- **Work to be completed**
In the listing below, the lines starting with the line with "AWS Space Accelerator India" and going on through the line with "Buy Gucci GG1042S" are to be reproduced exactly, and only those.

- **Records for this task**
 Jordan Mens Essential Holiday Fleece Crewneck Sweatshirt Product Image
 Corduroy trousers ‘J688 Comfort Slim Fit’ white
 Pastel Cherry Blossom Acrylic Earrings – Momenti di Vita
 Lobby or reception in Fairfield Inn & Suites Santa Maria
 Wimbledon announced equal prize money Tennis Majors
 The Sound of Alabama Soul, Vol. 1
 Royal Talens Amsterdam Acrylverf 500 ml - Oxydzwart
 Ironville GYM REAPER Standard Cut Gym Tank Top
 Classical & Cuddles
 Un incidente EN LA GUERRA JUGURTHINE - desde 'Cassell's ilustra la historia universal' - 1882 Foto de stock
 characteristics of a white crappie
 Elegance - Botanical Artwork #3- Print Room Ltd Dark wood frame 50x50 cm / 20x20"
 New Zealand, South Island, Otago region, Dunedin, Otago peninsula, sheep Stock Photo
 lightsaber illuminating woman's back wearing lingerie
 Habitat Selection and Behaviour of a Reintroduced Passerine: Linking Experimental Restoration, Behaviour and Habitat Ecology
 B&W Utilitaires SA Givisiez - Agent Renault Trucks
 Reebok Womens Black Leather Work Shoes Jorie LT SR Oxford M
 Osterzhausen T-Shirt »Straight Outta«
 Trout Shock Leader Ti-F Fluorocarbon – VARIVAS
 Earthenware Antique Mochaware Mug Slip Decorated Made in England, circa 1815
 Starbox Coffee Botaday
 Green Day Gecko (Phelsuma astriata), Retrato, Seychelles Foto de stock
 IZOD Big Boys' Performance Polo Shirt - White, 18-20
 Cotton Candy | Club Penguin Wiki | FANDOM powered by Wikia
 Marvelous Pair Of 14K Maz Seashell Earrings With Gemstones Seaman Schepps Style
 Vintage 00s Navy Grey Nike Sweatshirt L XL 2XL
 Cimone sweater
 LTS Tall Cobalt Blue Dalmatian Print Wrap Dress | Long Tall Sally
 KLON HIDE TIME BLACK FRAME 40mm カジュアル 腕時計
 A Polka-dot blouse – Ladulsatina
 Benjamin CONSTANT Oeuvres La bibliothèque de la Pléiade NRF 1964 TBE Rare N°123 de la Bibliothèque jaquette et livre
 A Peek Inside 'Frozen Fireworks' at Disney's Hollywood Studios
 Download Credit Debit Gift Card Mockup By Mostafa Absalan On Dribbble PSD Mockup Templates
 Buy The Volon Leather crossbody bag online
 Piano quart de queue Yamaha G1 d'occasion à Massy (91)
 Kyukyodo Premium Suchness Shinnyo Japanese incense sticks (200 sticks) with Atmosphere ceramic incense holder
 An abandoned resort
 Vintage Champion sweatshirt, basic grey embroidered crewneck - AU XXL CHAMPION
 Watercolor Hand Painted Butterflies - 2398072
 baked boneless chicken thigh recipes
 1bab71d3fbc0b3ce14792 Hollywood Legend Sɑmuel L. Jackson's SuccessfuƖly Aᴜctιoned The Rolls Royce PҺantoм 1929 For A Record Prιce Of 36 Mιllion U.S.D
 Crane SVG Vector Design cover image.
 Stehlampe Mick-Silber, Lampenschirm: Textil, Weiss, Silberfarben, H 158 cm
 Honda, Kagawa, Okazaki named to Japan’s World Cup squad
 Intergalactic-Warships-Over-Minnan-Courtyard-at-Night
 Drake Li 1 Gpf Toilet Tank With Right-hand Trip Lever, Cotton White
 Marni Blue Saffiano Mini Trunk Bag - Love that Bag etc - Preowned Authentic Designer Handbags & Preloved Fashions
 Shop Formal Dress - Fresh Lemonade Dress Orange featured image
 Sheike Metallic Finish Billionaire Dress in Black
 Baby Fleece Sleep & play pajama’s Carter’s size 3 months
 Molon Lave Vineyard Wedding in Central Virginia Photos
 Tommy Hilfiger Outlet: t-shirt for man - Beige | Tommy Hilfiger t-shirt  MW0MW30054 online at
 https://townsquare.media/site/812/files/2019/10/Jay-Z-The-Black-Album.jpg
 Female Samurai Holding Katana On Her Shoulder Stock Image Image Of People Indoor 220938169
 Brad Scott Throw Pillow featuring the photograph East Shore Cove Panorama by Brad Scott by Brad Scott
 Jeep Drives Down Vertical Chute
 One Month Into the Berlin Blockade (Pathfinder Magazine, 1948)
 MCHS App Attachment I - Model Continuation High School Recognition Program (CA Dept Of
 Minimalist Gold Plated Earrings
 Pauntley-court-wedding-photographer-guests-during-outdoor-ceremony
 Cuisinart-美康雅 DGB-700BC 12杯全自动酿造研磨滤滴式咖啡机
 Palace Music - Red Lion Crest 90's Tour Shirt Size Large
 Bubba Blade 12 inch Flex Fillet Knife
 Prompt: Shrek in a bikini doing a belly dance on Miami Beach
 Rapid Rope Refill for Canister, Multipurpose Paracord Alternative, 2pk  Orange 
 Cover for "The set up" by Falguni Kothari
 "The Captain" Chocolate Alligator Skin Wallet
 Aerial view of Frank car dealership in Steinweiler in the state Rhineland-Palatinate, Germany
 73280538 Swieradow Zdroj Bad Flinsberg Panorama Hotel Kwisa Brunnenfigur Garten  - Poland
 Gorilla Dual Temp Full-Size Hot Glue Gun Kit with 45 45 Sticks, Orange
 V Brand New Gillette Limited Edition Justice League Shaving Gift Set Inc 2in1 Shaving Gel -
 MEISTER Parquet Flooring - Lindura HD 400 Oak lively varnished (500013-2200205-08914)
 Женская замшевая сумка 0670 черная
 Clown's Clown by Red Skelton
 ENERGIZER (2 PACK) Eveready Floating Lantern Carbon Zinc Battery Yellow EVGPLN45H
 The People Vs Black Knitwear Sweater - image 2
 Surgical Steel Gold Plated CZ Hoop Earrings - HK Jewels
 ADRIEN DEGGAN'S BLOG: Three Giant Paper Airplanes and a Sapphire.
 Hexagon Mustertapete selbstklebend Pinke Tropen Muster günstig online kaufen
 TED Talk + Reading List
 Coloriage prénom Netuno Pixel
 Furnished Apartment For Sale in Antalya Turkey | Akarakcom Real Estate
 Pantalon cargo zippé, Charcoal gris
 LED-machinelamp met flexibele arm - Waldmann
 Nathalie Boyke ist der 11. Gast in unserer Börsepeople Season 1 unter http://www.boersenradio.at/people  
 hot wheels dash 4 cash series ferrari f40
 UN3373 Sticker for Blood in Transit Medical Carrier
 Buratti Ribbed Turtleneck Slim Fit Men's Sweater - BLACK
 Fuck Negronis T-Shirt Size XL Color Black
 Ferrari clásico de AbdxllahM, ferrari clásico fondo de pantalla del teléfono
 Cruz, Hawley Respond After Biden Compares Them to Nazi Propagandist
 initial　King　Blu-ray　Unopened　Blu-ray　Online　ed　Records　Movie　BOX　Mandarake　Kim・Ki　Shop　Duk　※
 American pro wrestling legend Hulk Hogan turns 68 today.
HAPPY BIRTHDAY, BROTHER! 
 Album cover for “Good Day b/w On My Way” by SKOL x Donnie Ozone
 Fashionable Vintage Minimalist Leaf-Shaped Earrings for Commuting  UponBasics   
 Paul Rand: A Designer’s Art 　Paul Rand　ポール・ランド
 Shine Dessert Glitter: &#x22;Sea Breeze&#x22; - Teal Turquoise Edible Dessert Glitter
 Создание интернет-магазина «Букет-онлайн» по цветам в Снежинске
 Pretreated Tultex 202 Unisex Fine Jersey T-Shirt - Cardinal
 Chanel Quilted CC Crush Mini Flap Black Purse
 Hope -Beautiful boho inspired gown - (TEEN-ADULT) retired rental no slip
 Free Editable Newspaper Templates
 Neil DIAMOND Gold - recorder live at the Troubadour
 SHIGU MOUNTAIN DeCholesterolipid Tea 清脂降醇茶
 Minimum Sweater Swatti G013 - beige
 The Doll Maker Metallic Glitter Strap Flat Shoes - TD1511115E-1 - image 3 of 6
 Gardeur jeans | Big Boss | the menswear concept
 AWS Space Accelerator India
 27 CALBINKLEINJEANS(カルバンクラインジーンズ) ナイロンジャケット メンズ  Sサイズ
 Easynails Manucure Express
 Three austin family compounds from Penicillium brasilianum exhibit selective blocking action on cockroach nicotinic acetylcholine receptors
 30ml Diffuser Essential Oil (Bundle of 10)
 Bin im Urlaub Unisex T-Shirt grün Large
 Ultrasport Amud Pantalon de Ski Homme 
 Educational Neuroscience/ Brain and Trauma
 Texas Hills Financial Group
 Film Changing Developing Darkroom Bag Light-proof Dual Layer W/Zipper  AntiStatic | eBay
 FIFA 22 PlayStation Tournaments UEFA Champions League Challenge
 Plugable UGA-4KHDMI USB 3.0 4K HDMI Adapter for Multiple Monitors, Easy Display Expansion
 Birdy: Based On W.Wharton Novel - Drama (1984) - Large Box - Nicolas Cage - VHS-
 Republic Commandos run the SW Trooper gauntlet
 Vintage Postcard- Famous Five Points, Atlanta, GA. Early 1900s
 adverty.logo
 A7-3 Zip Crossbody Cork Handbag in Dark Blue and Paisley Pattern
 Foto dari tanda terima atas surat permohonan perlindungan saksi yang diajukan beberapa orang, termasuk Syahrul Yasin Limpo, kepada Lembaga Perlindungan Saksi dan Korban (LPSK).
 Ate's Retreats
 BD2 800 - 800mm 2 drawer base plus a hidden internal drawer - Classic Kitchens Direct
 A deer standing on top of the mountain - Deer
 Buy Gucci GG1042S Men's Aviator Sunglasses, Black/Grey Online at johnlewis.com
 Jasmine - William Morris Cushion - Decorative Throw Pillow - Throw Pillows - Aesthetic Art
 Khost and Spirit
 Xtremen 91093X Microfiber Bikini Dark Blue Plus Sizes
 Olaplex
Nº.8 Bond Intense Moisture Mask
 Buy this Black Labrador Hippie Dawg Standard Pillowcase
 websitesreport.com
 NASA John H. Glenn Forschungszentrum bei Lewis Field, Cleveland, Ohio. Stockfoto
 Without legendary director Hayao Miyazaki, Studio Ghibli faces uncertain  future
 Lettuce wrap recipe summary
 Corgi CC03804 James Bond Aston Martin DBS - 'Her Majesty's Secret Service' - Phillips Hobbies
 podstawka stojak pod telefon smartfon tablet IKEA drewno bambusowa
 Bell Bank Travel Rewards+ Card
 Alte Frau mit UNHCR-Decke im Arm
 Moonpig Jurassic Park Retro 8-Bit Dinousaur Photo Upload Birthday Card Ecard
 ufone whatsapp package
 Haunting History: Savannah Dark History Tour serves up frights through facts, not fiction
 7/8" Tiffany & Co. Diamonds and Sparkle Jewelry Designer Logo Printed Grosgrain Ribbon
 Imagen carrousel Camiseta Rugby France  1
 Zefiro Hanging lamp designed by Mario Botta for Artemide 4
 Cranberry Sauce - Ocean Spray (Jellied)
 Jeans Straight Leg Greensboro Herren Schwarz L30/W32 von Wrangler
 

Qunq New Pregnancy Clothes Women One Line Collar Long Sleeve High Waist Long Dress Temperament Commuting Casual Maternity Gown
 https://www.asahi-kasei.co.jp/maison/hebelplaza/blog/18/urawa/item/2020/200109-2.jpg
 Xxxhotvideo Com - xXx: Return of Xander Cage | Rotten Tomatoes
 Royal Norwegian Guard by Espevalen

- **Task result**
 AWS Space Accelerator India
 27 CALBINKLEINJEANS(カルバンクラインジーンズ) ナイロンジャケット メンズ  Sサイズ
 Easynails Manucure Express
 Three austin family compounds from Penicillium brasilianum exhibit selective blocking action on cockroach nicotinic acetylcholine receptors
 30ml Diffuser Essential Oil (Bundle of 10)
 Bin im Urlaub Unisex T-Shirt grün Large
 Ultrasport Amud Pantalon de Ski Homme 
 Educational Neuroscience/ Brain and Trauma
 Texas Hills Financial Group
 Film Changing Developing Darkroom Bag Light-proof Dual Layer W/Zipper  AntiStatic | eBay
 FIFA 22 PlayStation Tournaments UEFA Champions League Challenge
 Plugable UGA-4KHDMI USB 3.0 4K HDMI Adapter for Multiple Monitors, Easy Display Expansion
 Birdy: Based On W.Wharton Novel - Drama (1984) - Large Box - Nicolas Cage - VHS-
 Republic Commandos run the SW Trooper gauntlet
 Vintage Postcard- Famous Five Points, Atlanta, GA. Early 1900s
 adverty.logo
 A7-3 Zip Crossbody Cork Handbag in Dark Blue and Paisley Pattern
 Foto dari tanda terima atas surat permohonan perlindungan saksi yang diajukan beberapa orang, termasuk Syahrul Yasin Limpo, kepada Lembaga Perlindungan Saksi dan Korban (LPSK).
 Ate's Retreats
 BD2 800 - 800mm 2 drawer base plus a hidden internal drawer - Classic Kitchens Direct
 A deer standing on top of the mountain - Deer
 Buy Gucci GG1042S Men's Aviator Sunglasses, Black/Grey Online at johnlewis.com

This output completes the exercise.